Consider the initial value problem:
$\frac{dy}{dt} = (t^2 + y^4)^{\frac{1}{2}}, \; y(t_0) = y_0$
Discuss existence, uniqueness, and continuation of solutions through each point $(t_0, y_0) ∈ \mathbb{R}^{2}.$
I know what that I need to show $f$ is locally Lipschitz w.r.t. $y$, in order to apply Fundamental Existence and Uniqueness Theorem however I am stuck on technicalities of my analysis. This is the definition of locally Lipschitz I am using:
${\it Def.}\;$ Let $f: D \subseteq (\mathbb{R} \;{\rm{x}}\; X) \rightarrow Y$. Then $f(t,x)$ is locally Lipschitz on $D$ w.r.t $x$, if for every $(t,x)\in D$, there exists an open set $U\in D$ with $(t,x)\in U$ s.t. $f$ is Lipschitz on $U$ w.r.t $x$ on D.

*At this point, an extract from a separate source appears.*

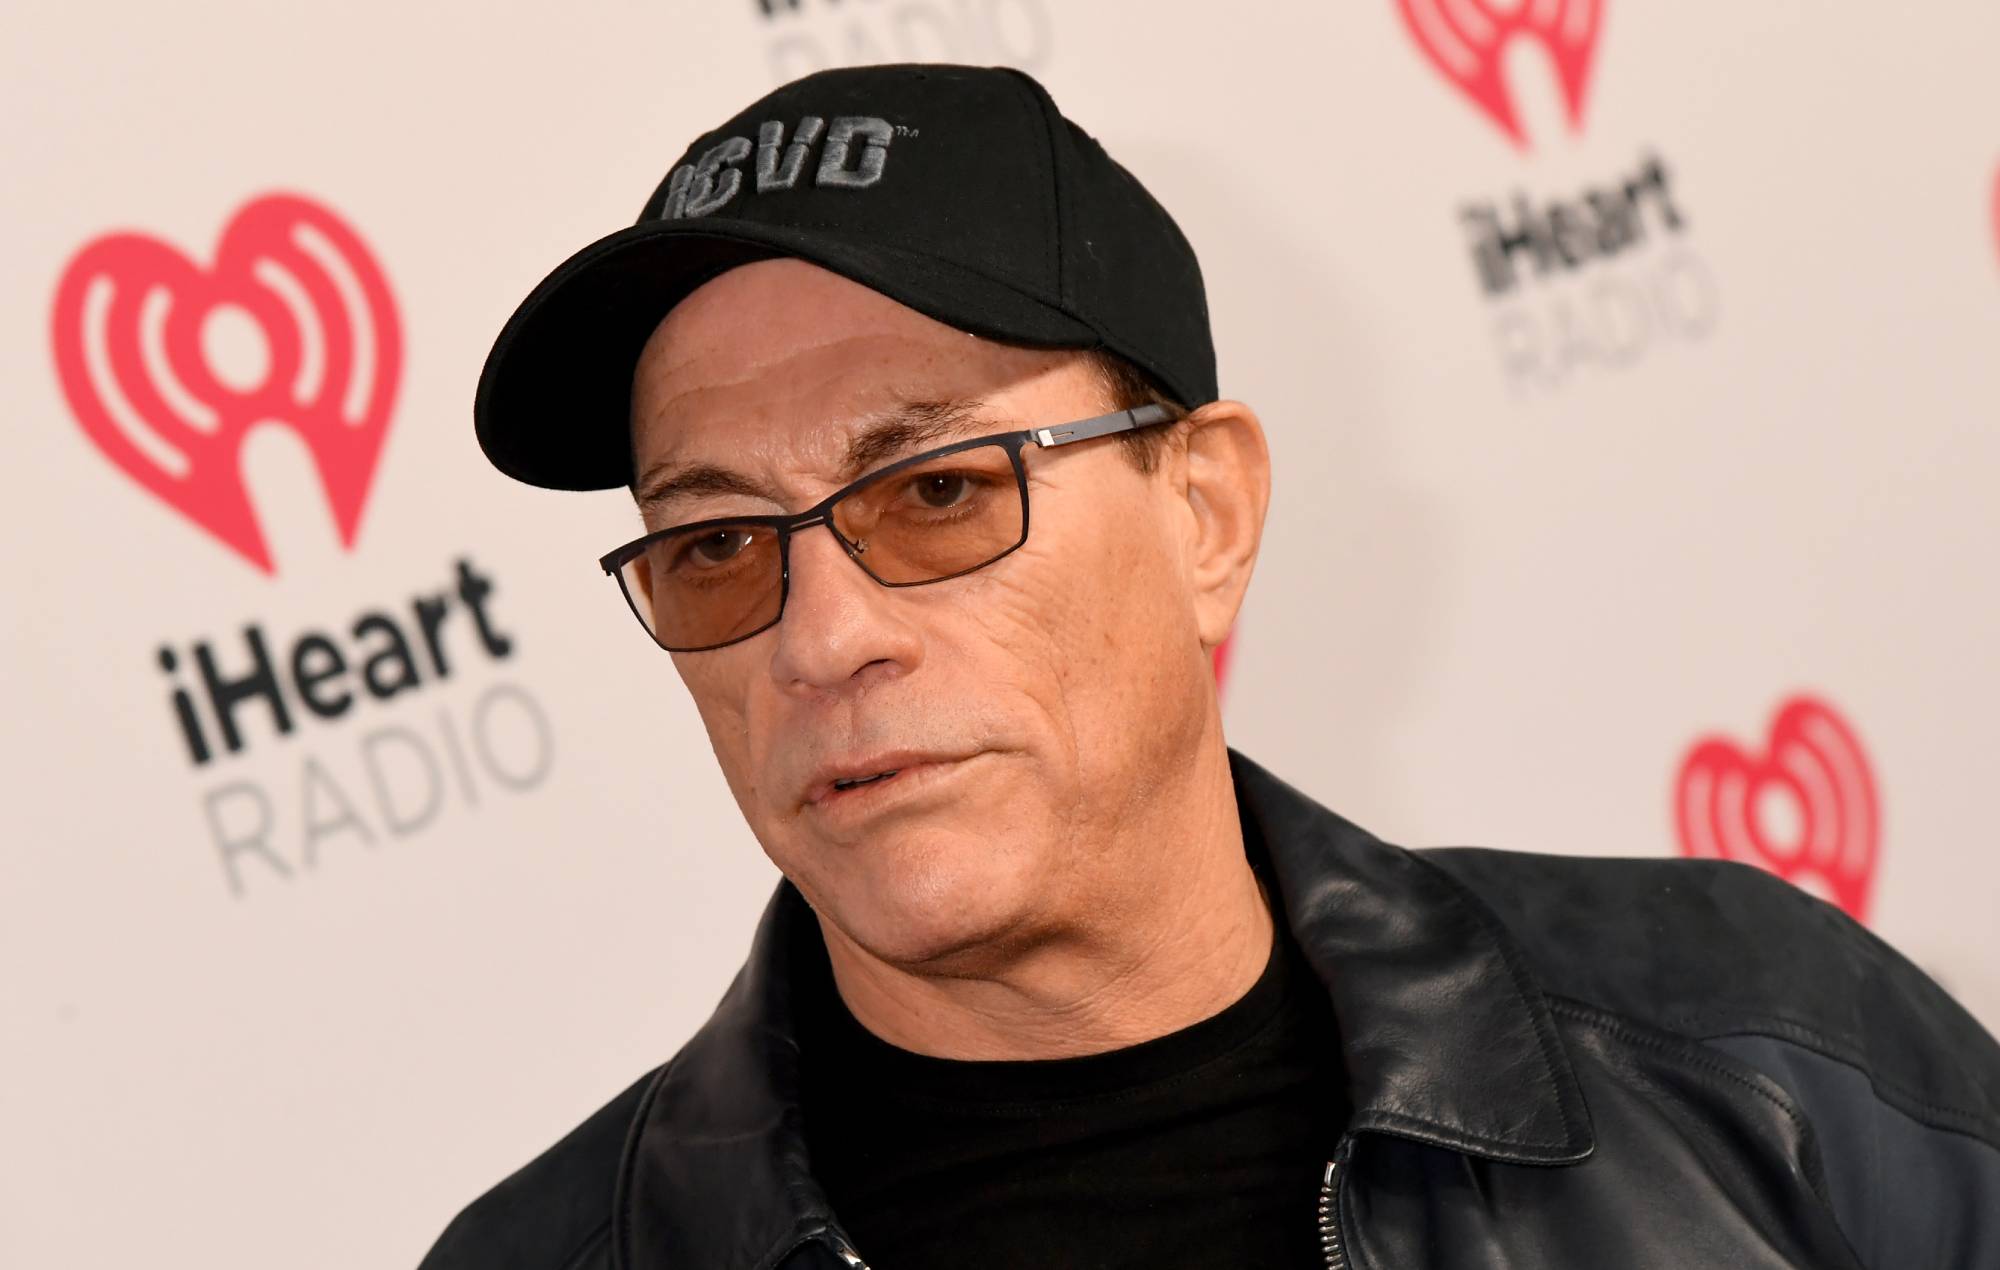 Jean-Claude Van Damme is embarrassed by his ‘Friends’ appearance

So far, I have that $f(t,y)=(t^2 + y^4)^{\frac{1}{2}}$ is continuous on its domain $\{ t,y \in \mathbb{R}\;| \;t^2+y^4\geq 0\}.$ Now I need to show $f$ is Lipschitz on an open set $D\subset \mathbb{R} \;{\rm{x}}\; \mathbb{R}^2$ that contains $(t_0,y_0)$, as this is the assumption of the Existance Uniqueness Theorem, but I am not sure if this set $D$ is my domain or if this is an open subset of my domain. Any help would be appreciated!